New, hastily launched research projects funded by the German Research Foundation (Deutsche Forschungsgemeinschaft, or DFG) and a number of new projects by academic publishers reflect this swift change in research priorities. Meanwhile, entire subject areas are left behind. Theater and the arts, for instance, will probably be the last to return to “business as usual”, if they manage to survive at all, that is. They are obviously not considered vital. And what about cultural studies? Tasked with critically observing and intervening in cultural debates, are they not just getting in the way of the accelerating biopolitical restrictions and measures?

Indispensable Humanities

No! On the contrary: the humanities and the study of culture are indispensable, especially given the need for a critical approach to the crisis and the measures taken in response to it. Looking at the biopolitics of the crisis from the perspective of cultural studies prompts questions about the cultural politics of the crisis, about the diverse ways in which different cultures perceive the crisis, whether in pragmatic, technological, apocalyptic, or religious terms, and respond to it. A cultural studies perspective allows us to interrogate the racist implications of our responses to the crisis, the changes they entail in the relationship between the private and public spheres, the ways they transform not only how we work, but the global capitalist order in its entirety. Efforts to limit the global spread of this pandemic lead to tectonic shifts in how space and distance are regulated and societies controlled, and to forceful rearrangements of hitherto asymmetrical relations of geopolitical power.

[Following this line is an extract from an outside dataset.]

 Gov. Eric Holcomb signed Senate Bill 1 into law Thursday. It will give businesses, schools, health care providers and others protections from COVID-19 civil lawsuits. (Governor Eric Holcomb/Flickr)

Yes, everything seems to fall within the force field of the coronavirus pandemic; everything is redefined with reference to it. Yet from where we’re standing now it’s hard to tell whether the crisis will bring about a long-term paradigm shift in scholarly research or even a broader epochal turn that will permanently change our realities and behaviors. Sociologists doubt it will: fundamental social behaviors have historical depth, a kind of longue durée, they create a sense of continuity in the face of social change. As the measures taken to combat the pandemic become the “new normal”, as we get used to them and start forgetting, collectively, the shock of their introduction, society will be restored to its previous state. But when it comes to the humanities and cultural studies in the post-corona era, we have good reason to fear that they will be further suppressed and marginalized.

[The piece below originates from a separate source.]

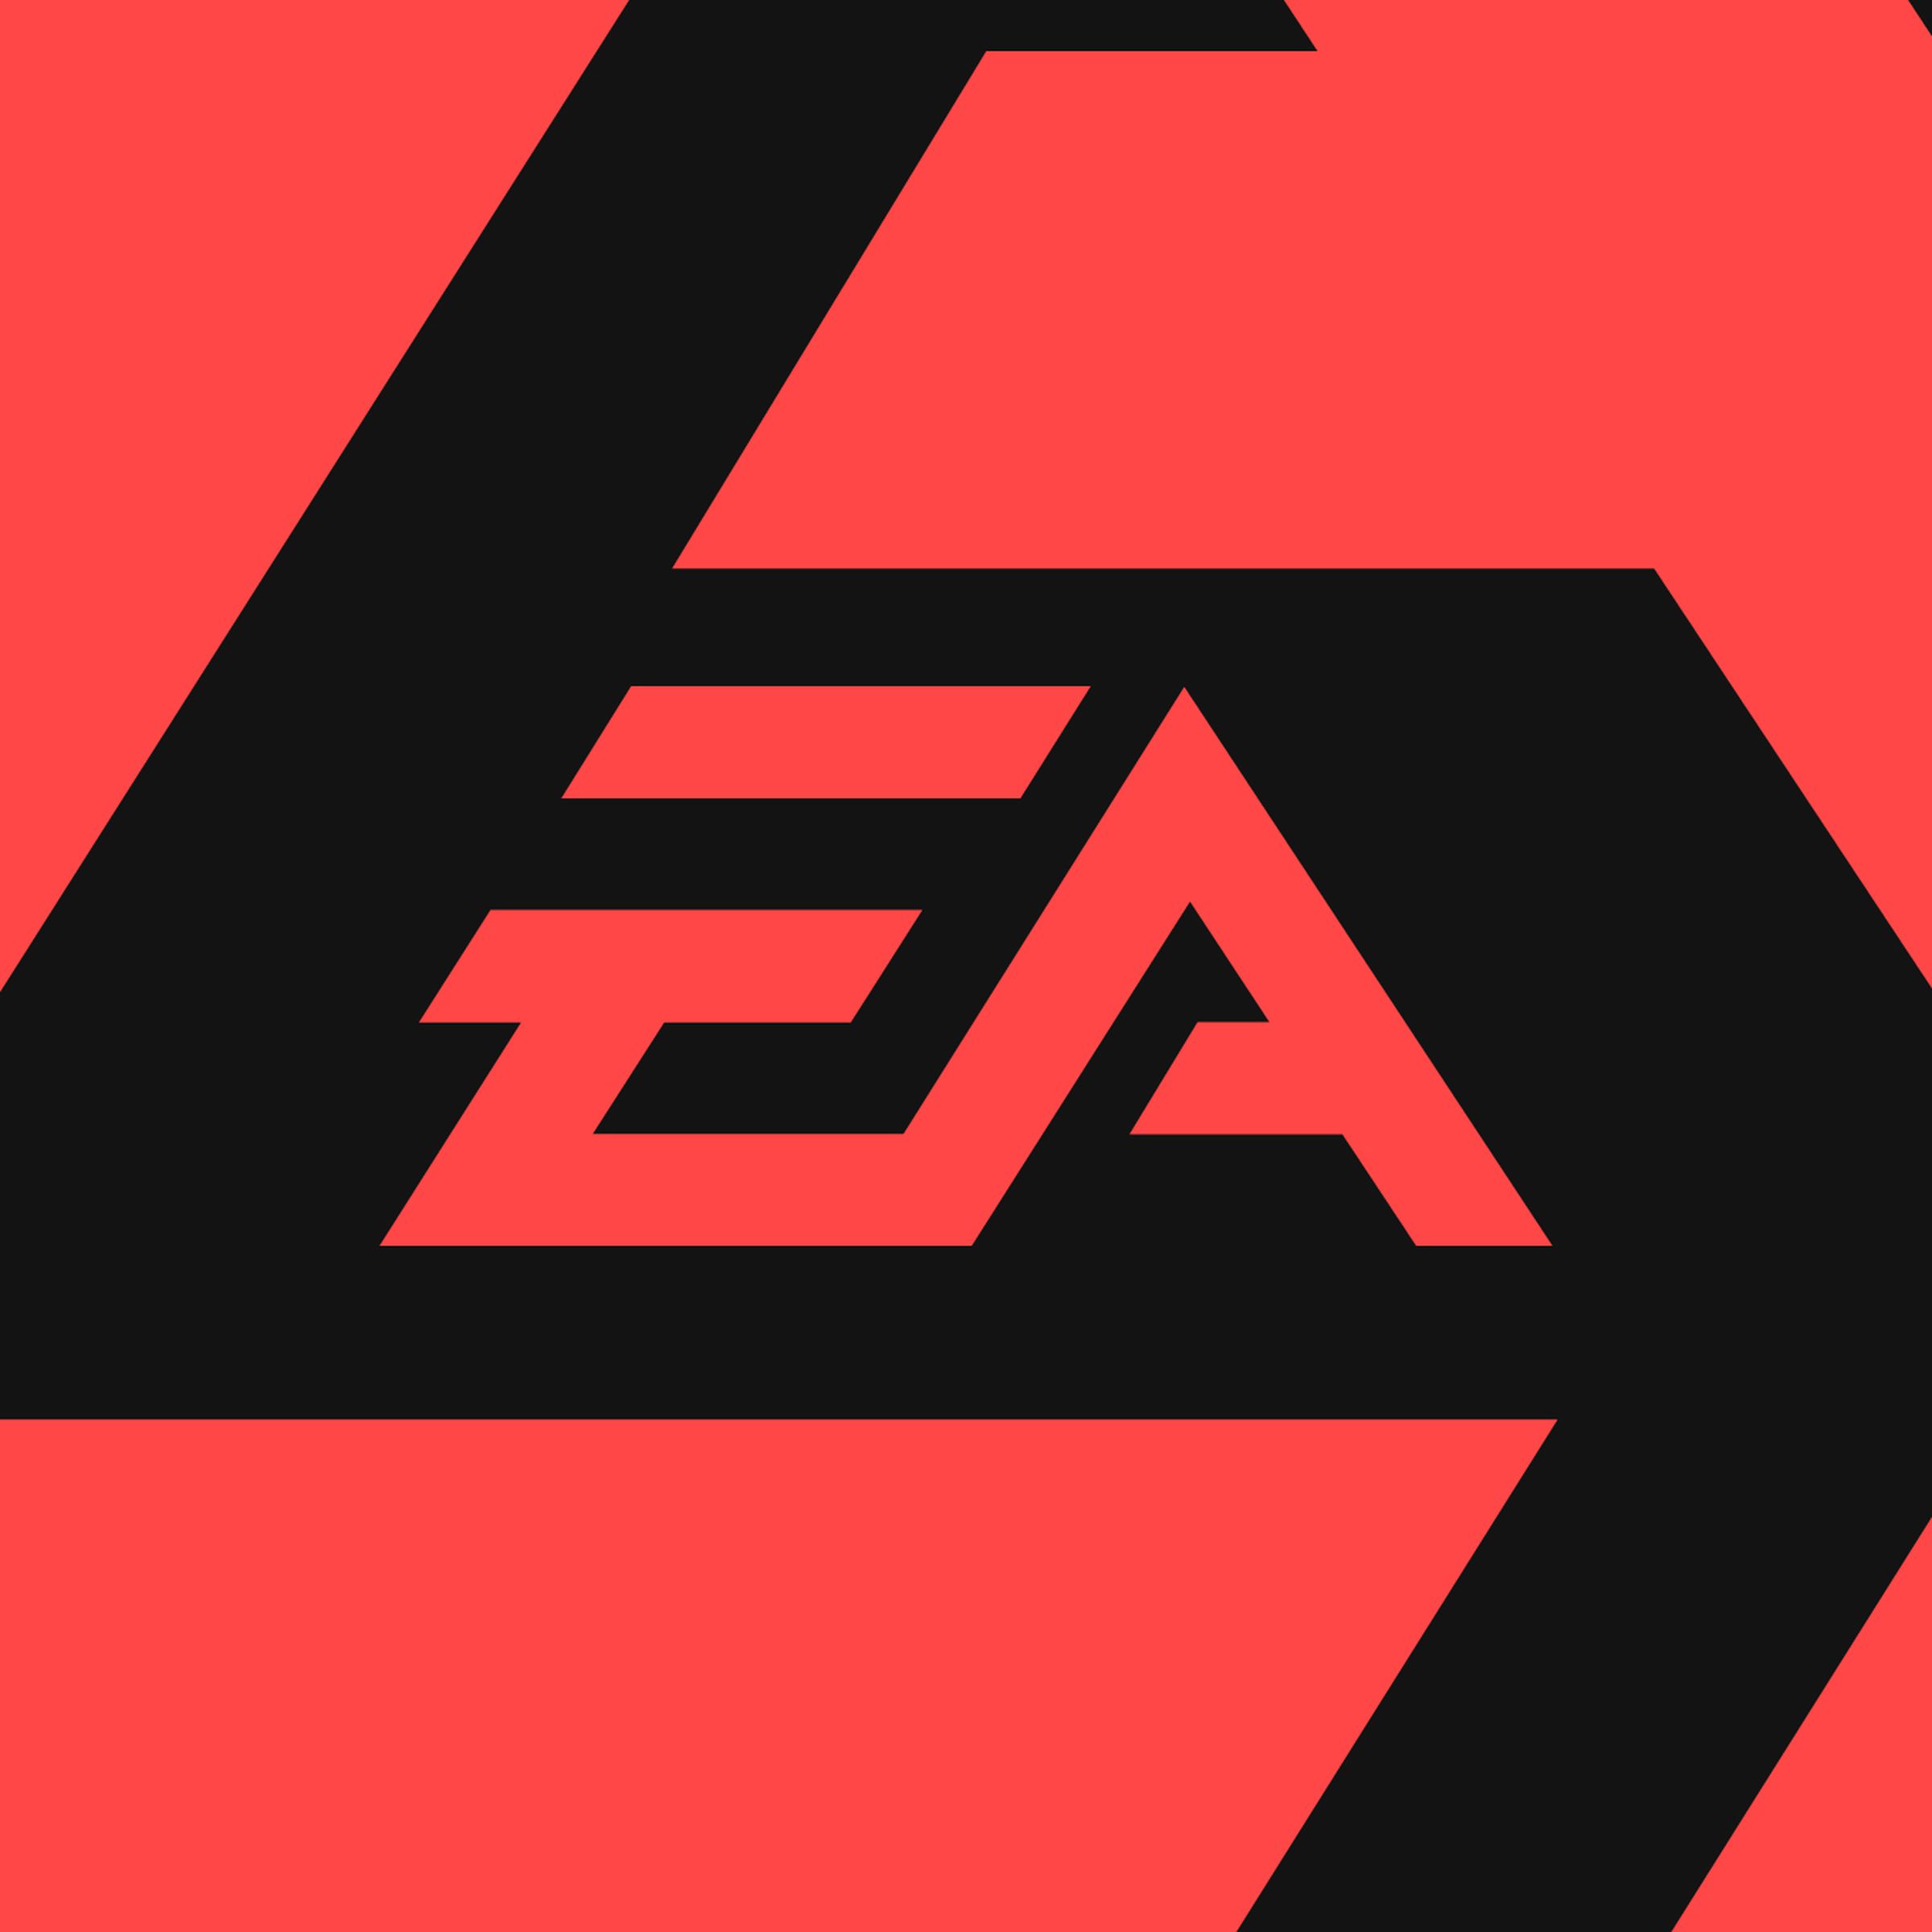 An image showing the EA logo on a red and black background

“One thing is for sure: the corona crisis will usher research in the humanities into new, unchartered territory.”

A Metamorphosis of the World

Yet the more advances in science and technology dictate sweeping restrictions to fundamental social rights, the more tenaciously the humanities must hold on to their critical perspective and emphasize the complexity of the circumstances — even if their funding is crippled. Because we need them to translate, to make intelligible to us, how the crisis is socially mediated and dealt with in different cultures around the world.

Long before the outbreak of the corona virus, the late Ulrich Beck saw in the radical disruption of all familiar certainties, dominant interpretive frameworks, and analytical arguments, a fundamental “metamorphosis of the world”. The corona crisis has certainly brought about such a metamorphosis of the world. But it’s a metamorphosis that isn’t only disruptive: it is also a constructive challenge to overcome received ideas and supplant them with new ones. The humanities, with their emphasis on critically interrogating historical and social circumstances, can not only provide new ways of thinking in the post-corona era, but also point us towards new ways of acting. One thing is for sure: the corona crisis will usher research in the humanities into new, unchartered territory.

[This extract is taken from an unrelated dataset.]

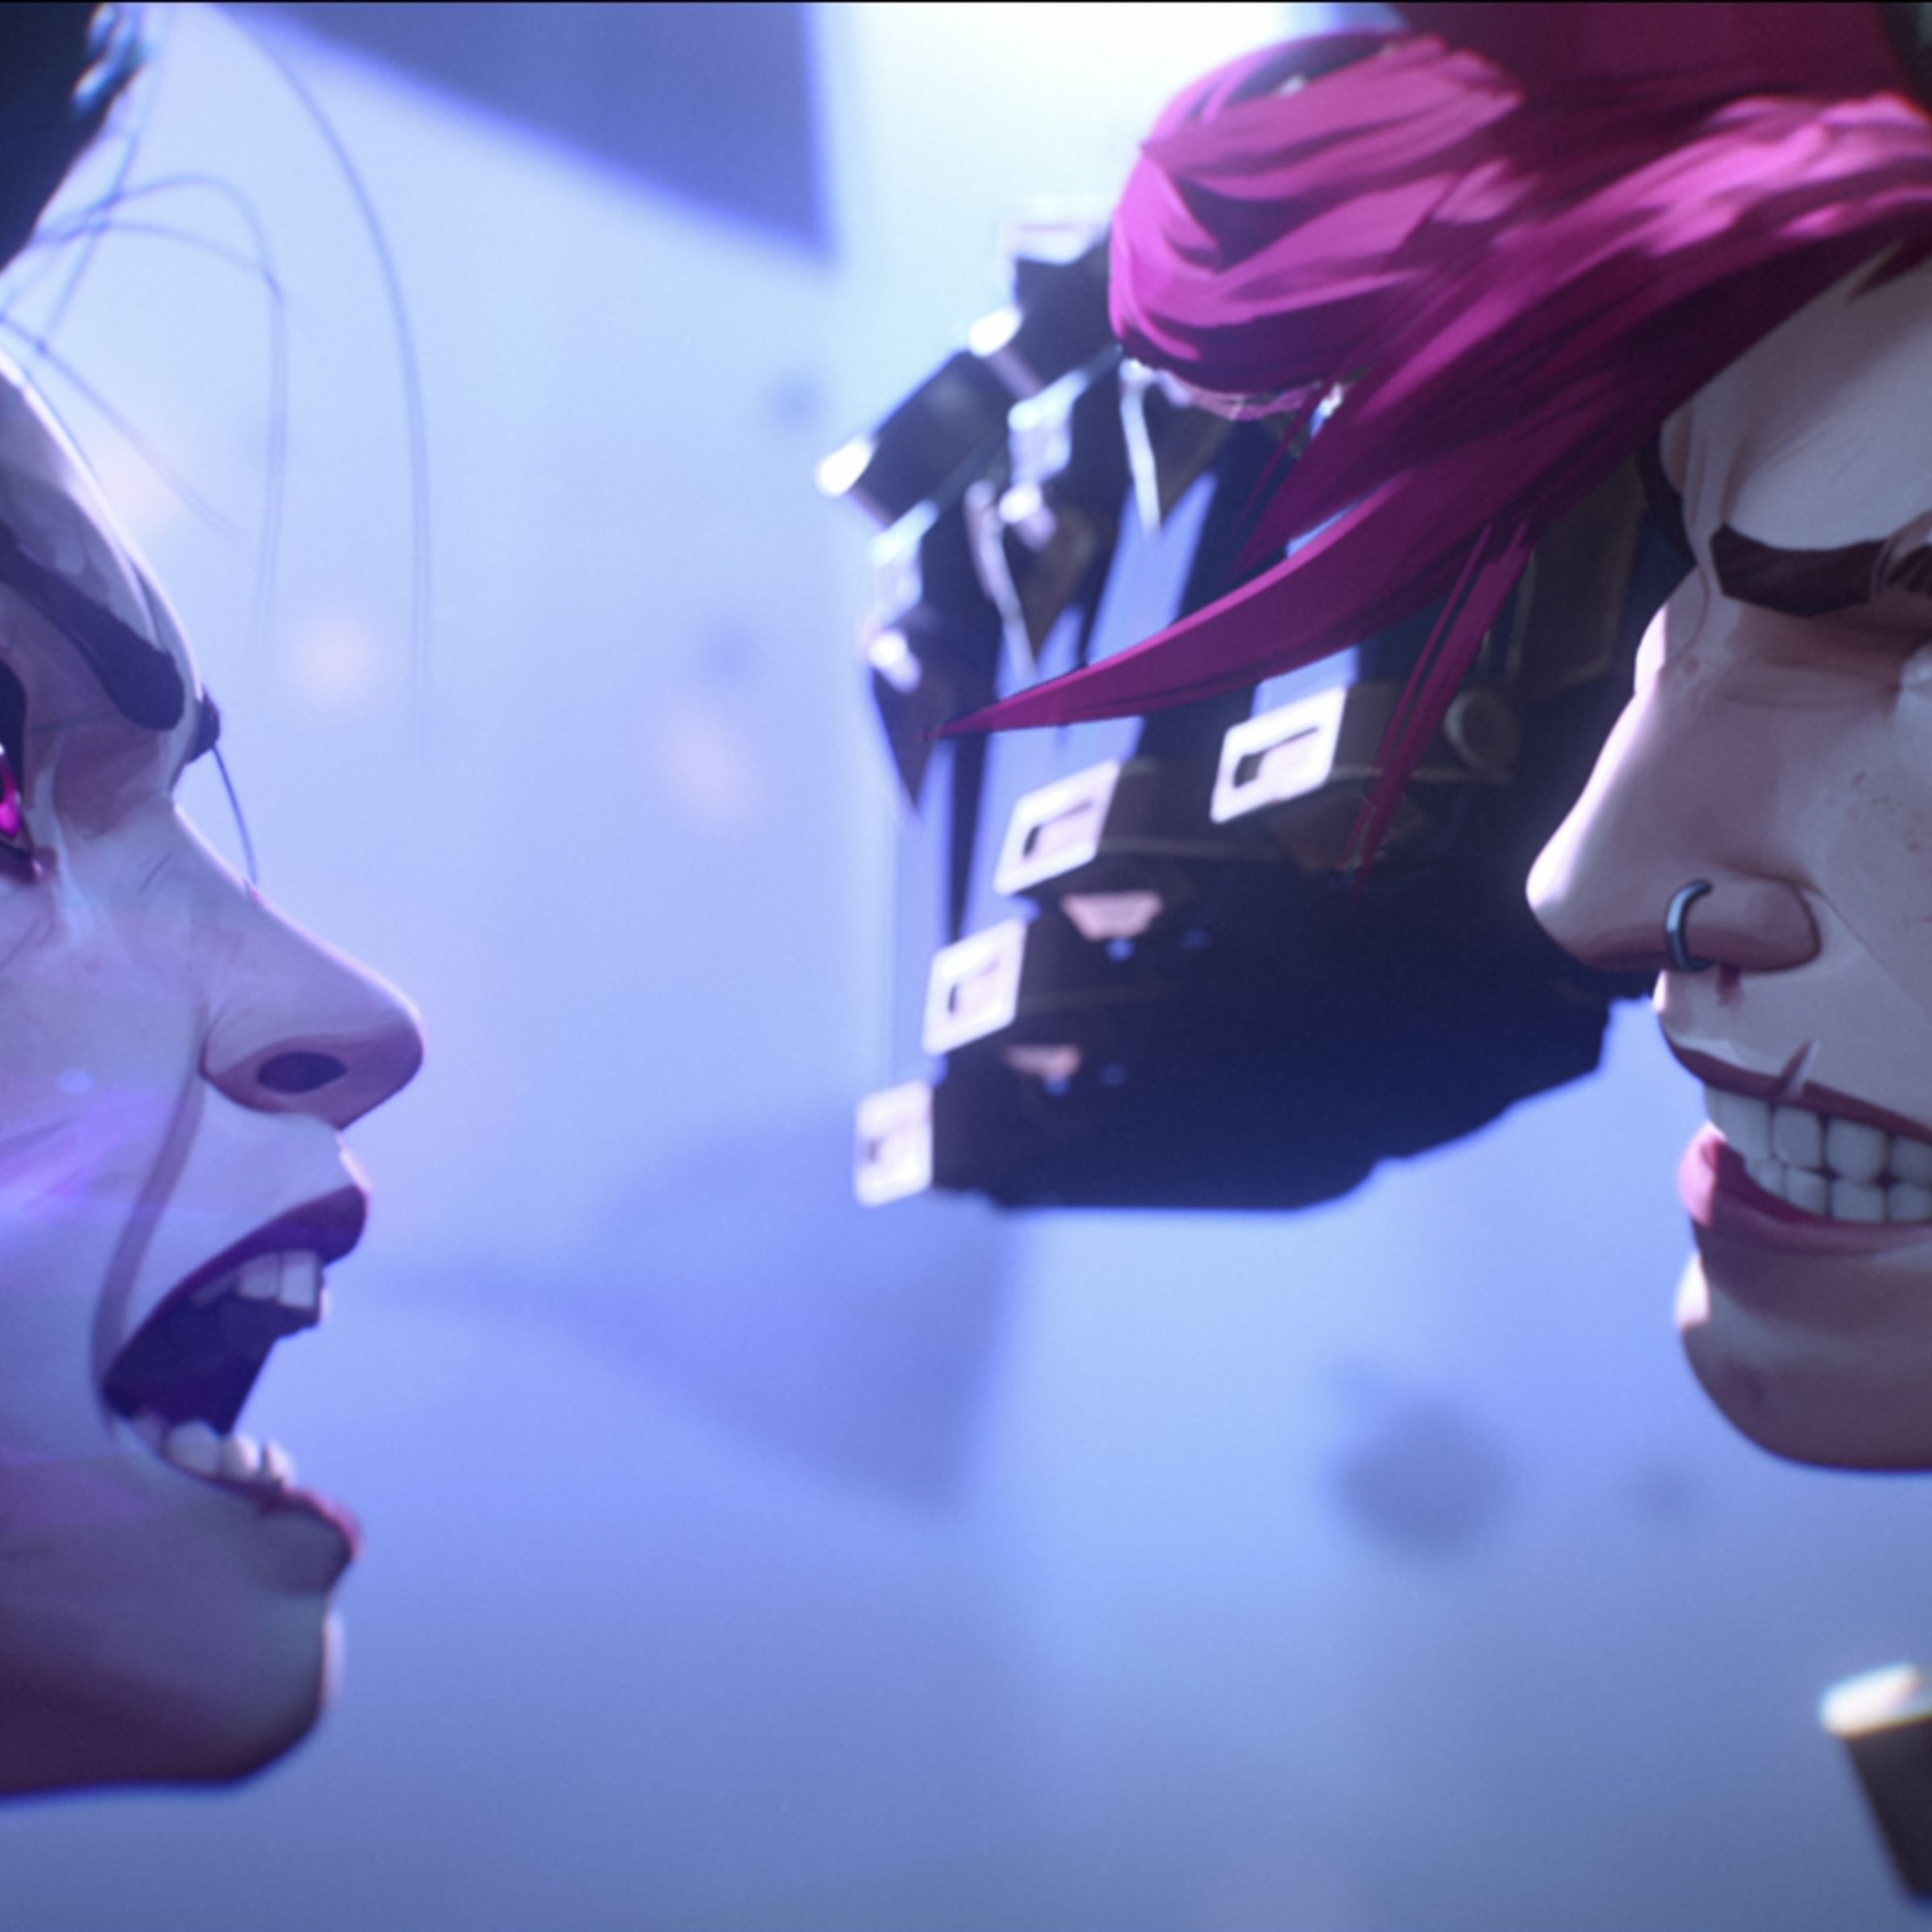 An image showing Jinx and Vi in the second season of Arcane

[Title image: Zhang Xiaogang/Untitled]

Doris Bachmann-Medick

Doris Bachmann-Medick is Senior Research Fellow at the International Graduate Centre for the Study of Culture (GCSC), Justus Liebig University Giessen. Her research focuses on the diversity of cultural turns and translations in globalizing societies. She is co-editor (with Jens Kugele and Ansgar Nünning) of the De Gruyter volume “Futures of the Study of Culture”.